Here, SAW sees a function applied to a concrete term 1, so it tries to concretize the function application. But Cryptol:/Primitive/prim was never meant to be evaluated, and so SAW crashes at simulation time.

This is all rather unfortunate, especially since it is affecting SAW proofs in the wild. There are ways to restructure the Cryptol code slightly to work around the issue, such as the workaround from https://github.com/GaloisInc/saw-script/pull/1903#issuecomment-1675141693, but it would be far better if SAW "just worked" here.

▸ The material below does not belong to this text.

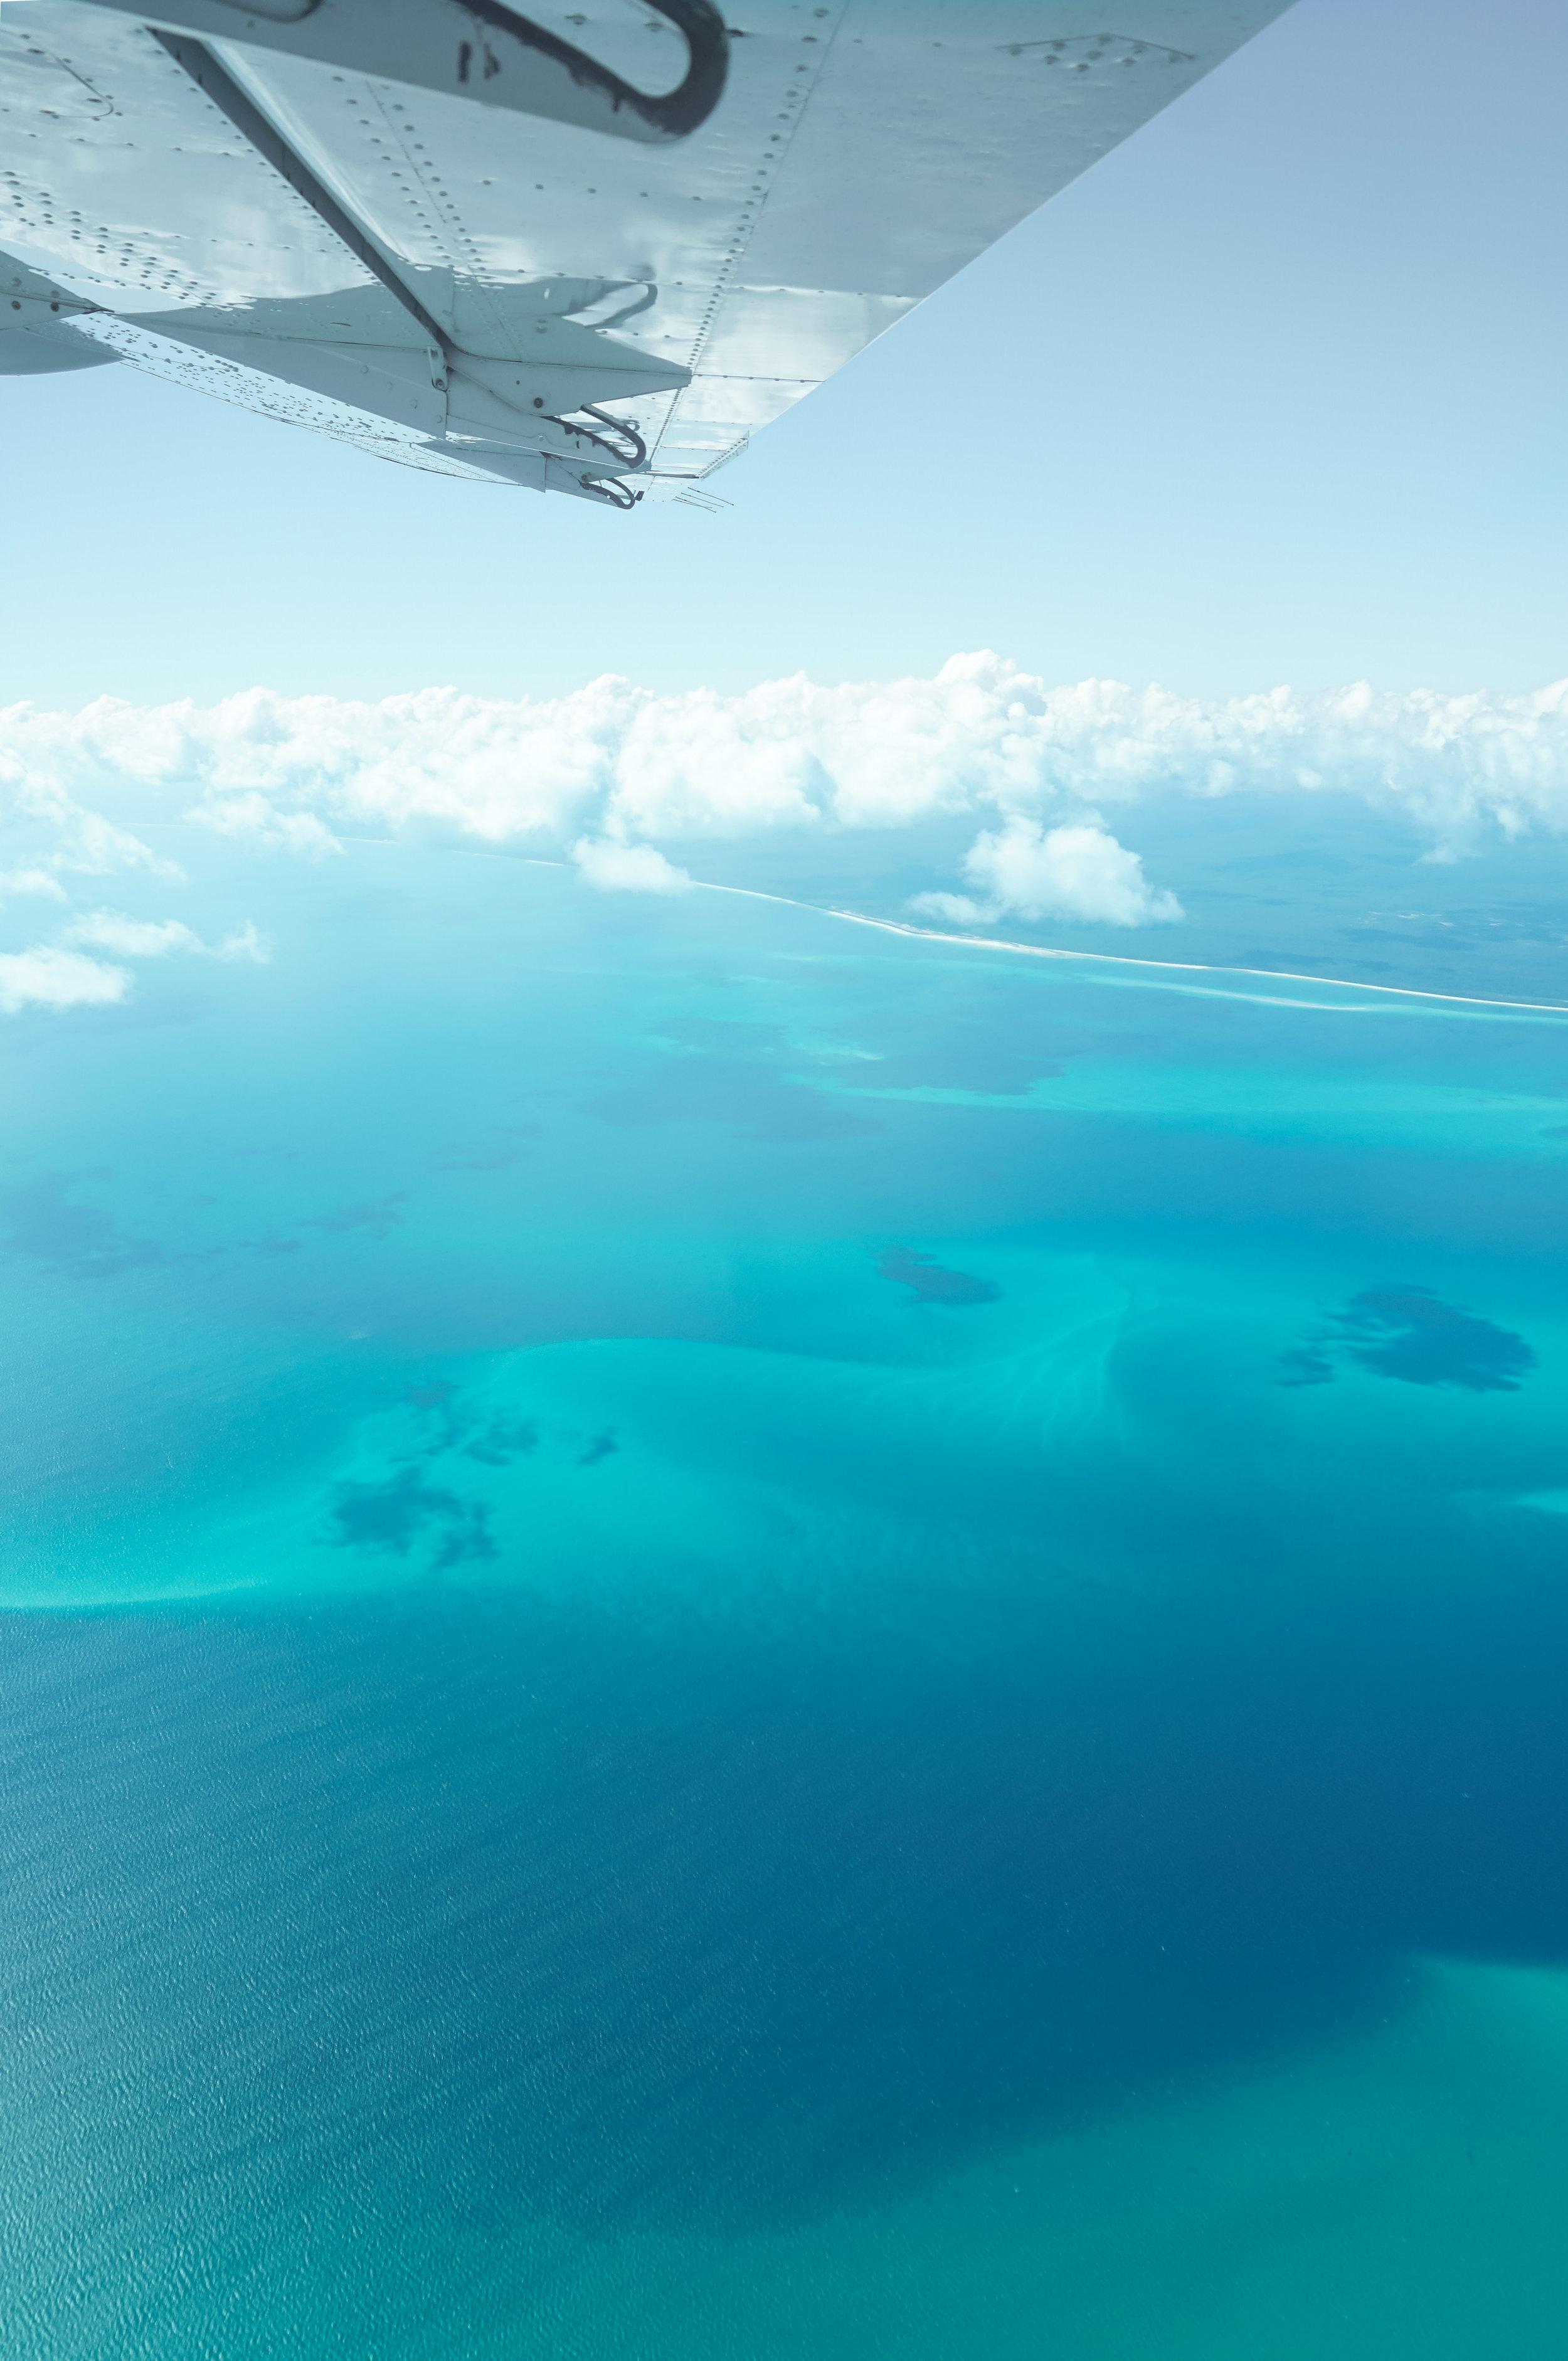 curio.trips.australia.great.barrier.reef.flight.plane.wing.view.portrait.jpg

After all, SAW already has knowledge about what functions are uninterpreted during symbolic execution, so this knowledge ought to extend to the heuristics that SAW uses when concretizing function applications.

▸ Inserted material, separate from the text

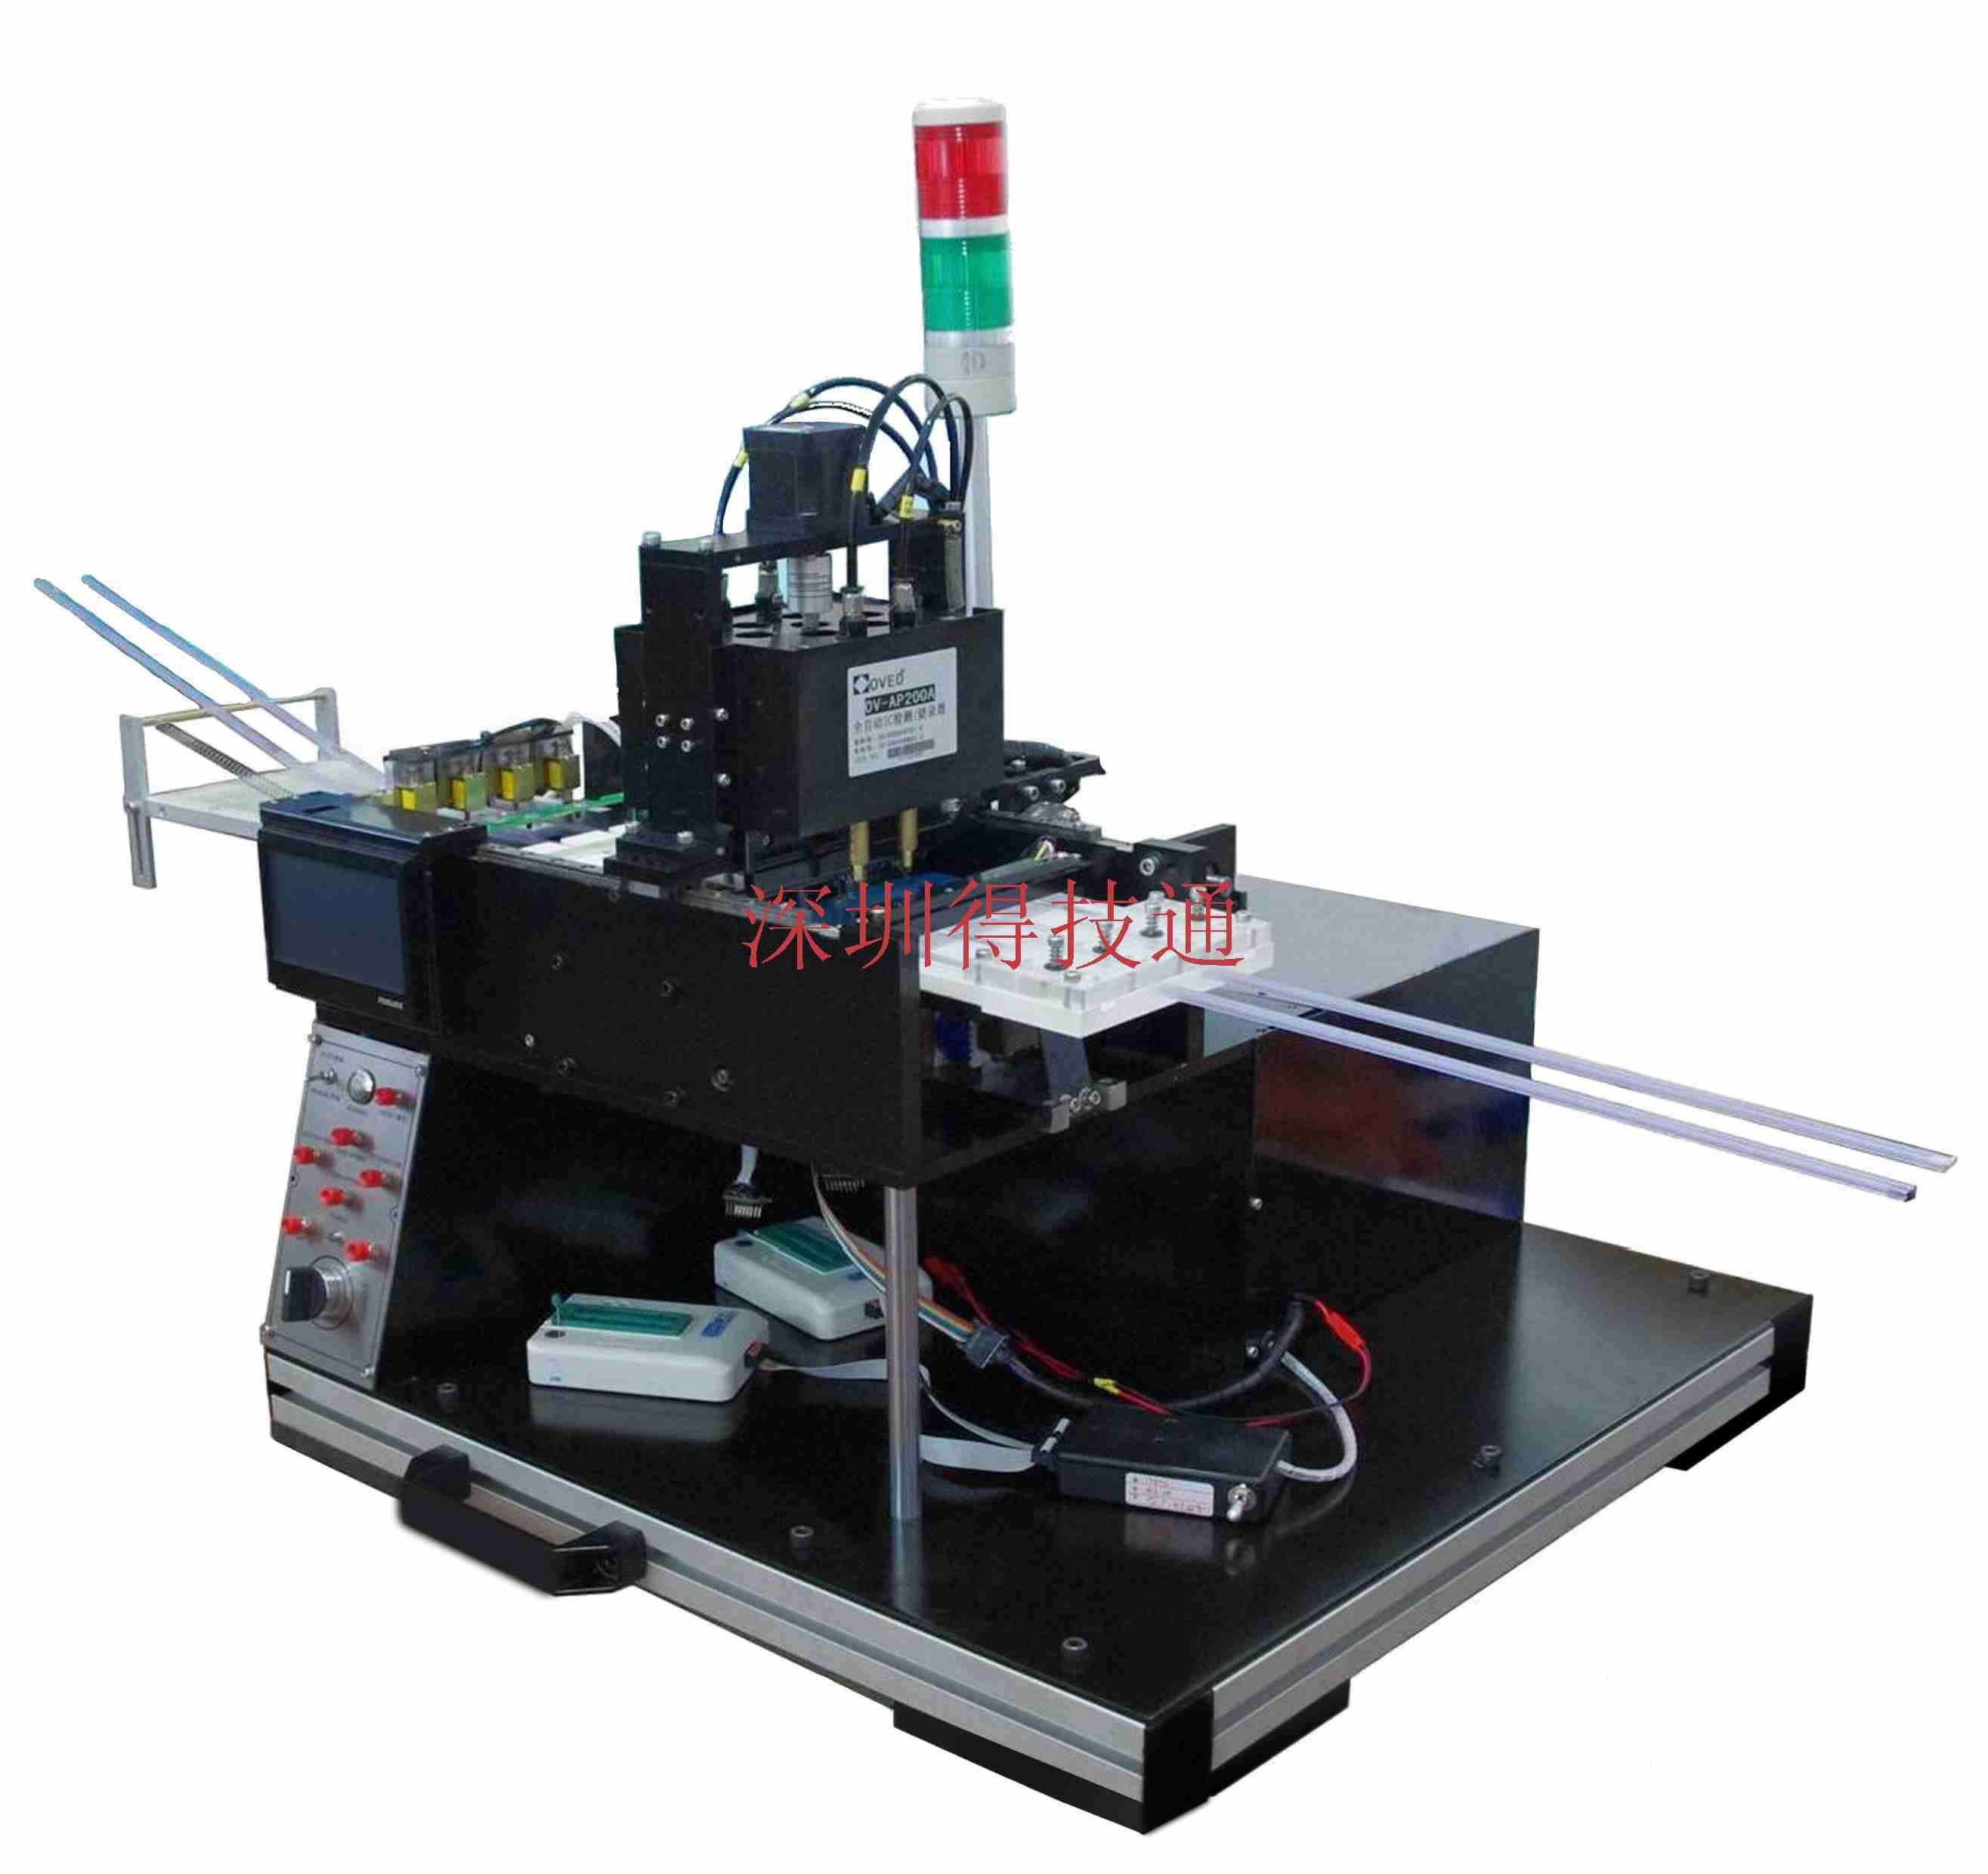 FlashPRO1000+编程器/烧录器/烧写器

This ticket exists to track this idea.

[RyanGlScott]

@eddywestbrook and I looked at this some. Given that "Cannot evaluate neutral term" is an error message that is thrown by the concrete evaluator, the most likely place where the aforementioned heuristics are implemented is here:

https://github.com/GaloisInc/saw-script/blob/e0e94c6044e832081e28af8e9bdbf9a130caca48/src/SAWScript/Crucible/LLVM/ResolveSetupValue.hs#L735-L740

This code checks for closed SAWCore terms (i.e., terms without any symbolic content) by checking if they are free of any ExtCns. My original thought was to extend this code to make it aware of any uninterpreted functions that the user declared via a tactic like w4_unint_z3. This wouldn't work, however, as this code is run as part of simulating the C code, which happens before the w4_unint_z3 tactic is ever invoked. You can see this for yourself by replacing the call to w4_unint_z3 ["prim"] in the program above with something like admit "Admitted"—you'll still get the same error if you do.

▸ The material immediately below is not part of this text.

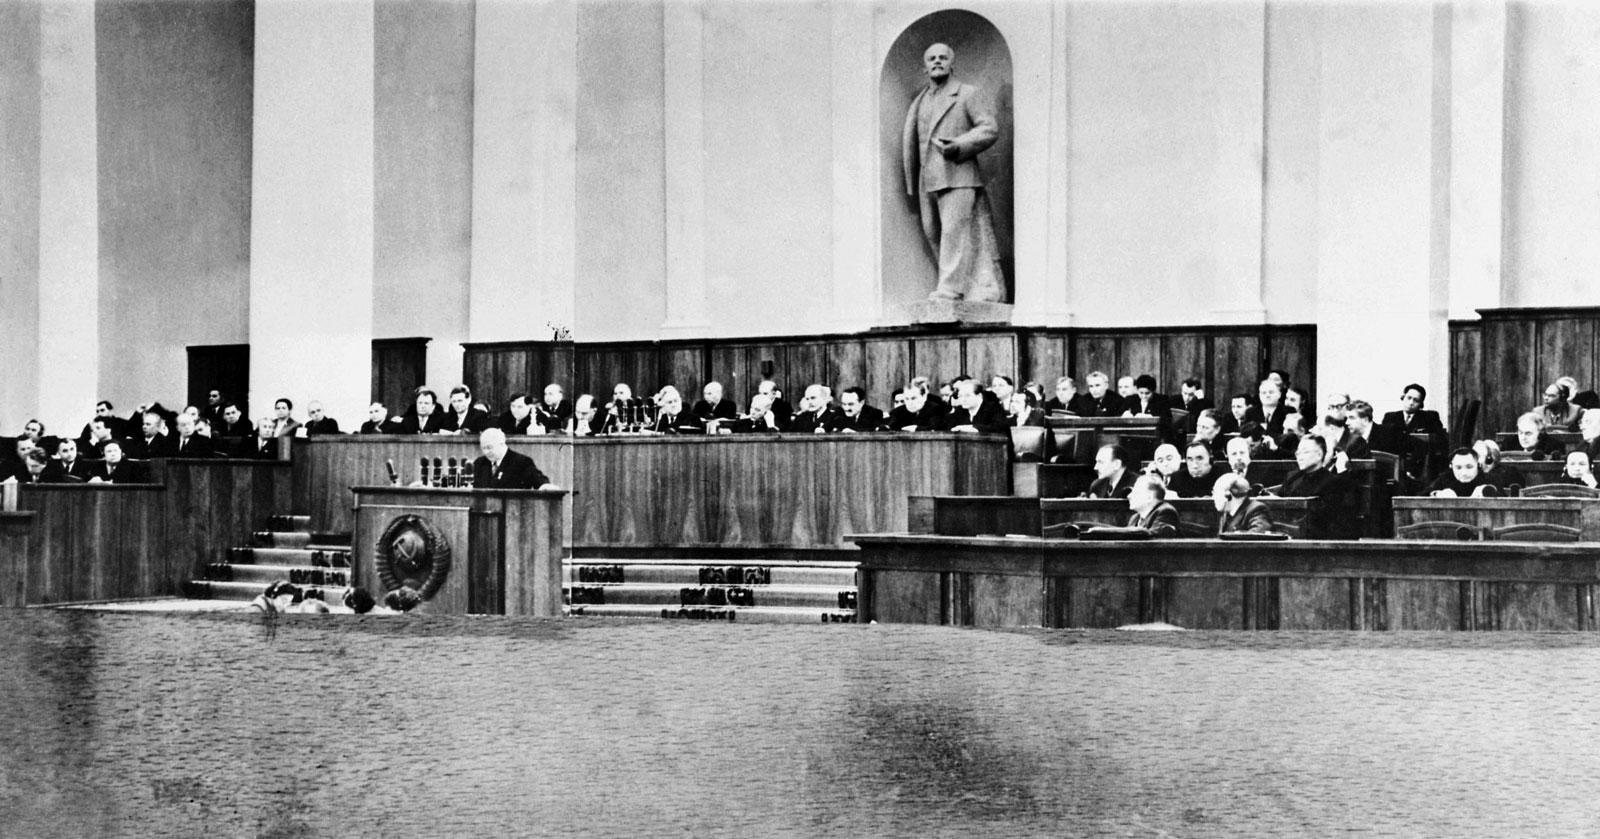 XX Congreso del Partido Comunista de la Unión Soviética (DP)

In light of this, perhaps we should try a different approach: refine the heuristics above to check if tm contains a primitive (e.g., prim), and if so, don't attempt to concretely evaluate it. We'd need to be careful about this, since there are some Cryptol primitives that SAW does attach computational content to, and we would still want to evaluate those. Luckily, I believe all of those constants are listed in constMap, so I believe this should be relatively simple to check for.

[andreistefanescu]

My preference would be to properly handle the exception. Depending on evaluation, the term may evaluate to a concrete value even if it contains an undefined primitive.

[RyanGlScott]

Indeed, that is another option worth considering.

For what it's worth, I discovered that the use of evalSharedTerm in https://github.com/GaloisInc/saw-script/issues/1906#issuecomment-1679387599 is not where the Cannot evaluate neutral term error is coming from in the test case above. I haven't figured out which evalSharedTerm is actually the culprit.